Why Auto Draw Is Inherently Flawed


With the explosive popularity of pod vapes in the world of vaping, auto draw firing mechanisms have made a huge comeback. Auto-draw allows the user to simply take a puff to vape instead of requiring the press of a button. This is very appealing to many vapers, but the design is inherently flawed. They often suffer from issues with inconsistency, auto-firing, and even premature device failure. In this article, we're going to cover how auto-draw actually works, why they can fail, and what you can do as the user to help keep your auto-draw pod vape from failing in the first place!

The general concept of how these auto-draw switches work is fairly simple. They have a flexible conductive membrane that will keep the circuit open in a neutral position, then the membrane will flex upward and complete the circuit when you take a puff. When the circuit completes, it fires your device and produces vapor. When you stop puffing, the membrane returns to the neutral position it was in before and opens the circuit again.

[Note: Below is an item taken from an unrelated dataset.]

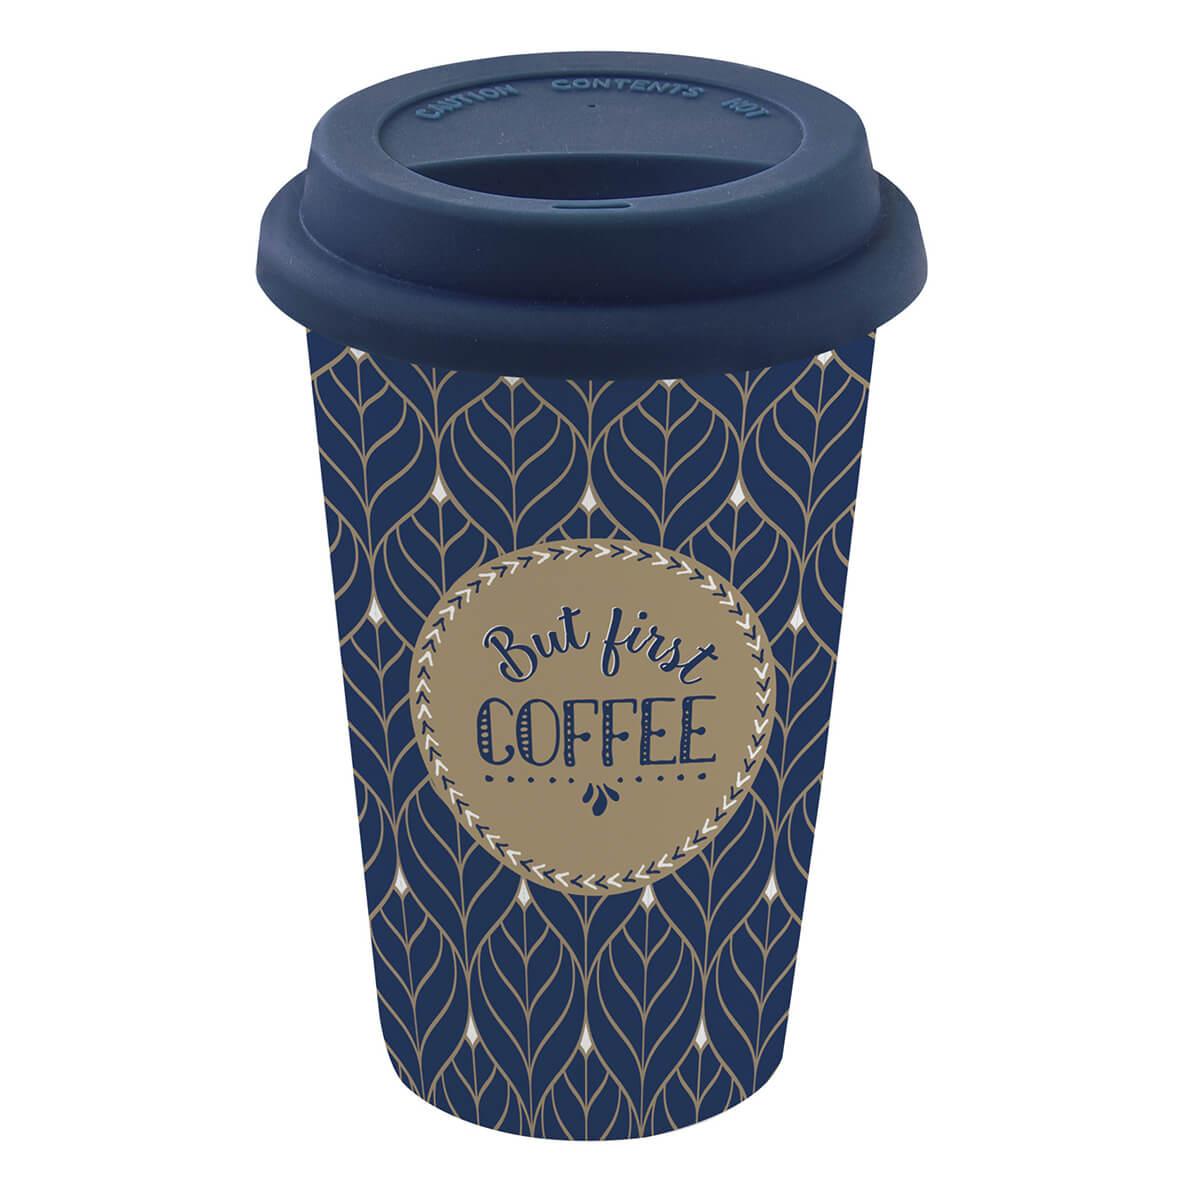 COFFEE ΚΟΥΠΑ ΤΑΞΙΔΙΟΥ 350 ML ΣΙΛΙΚΟΝΗ ΚΑΠΑΚΙ

Now the first flaw of these little mechanisms won’t affect your vape, but it will affect your vaping experience. Since there needs to be enough suction to activate the auto draw switch, there will always be some amount of delay between when you start your puff and the time that the vape actually starts firing. That means you'll start each puff by pulling some air through the coil before you get any vapor, which can cause it to feel light and unsatisfying. Some pod vapes are much better at this than others. The Suorin Edge, for example, starts firing almost the instant you start to inhale. Sometimes it seems like all you need to do with the Edge is just think about taking a puff.

The main flaw is the fact that these switches are very fragile and sensitive to moisture. The fact that these switches must be part of the airflow system in order to serve their purpose by activating when you inhale means that they are extremely likely to come into contact with some moisture. Not only is there the all too likely possibility of a pod leaking juice down into the switch, but there is also just natural condensation that, while not as likely, can accumulate and leak downward into it. When liquid almost inevitably makes its way into the auto draw switch, that flexible membrane that we were talking about earlier can get stuck open or closed. Your auto-draw switch may remain functional after being barraged by these liquids, but the performance will most likely still be impacted, resulting in more of a delay between the start of a puff and the actual firing of the device. Sometimes, an auto-draw switch may fire just fine, but then continue firing after you've stopped taking the puff, burning out your pods. These issues are part of the reason why the industry moved away from auto draw switches in favor of buttons a long time ago.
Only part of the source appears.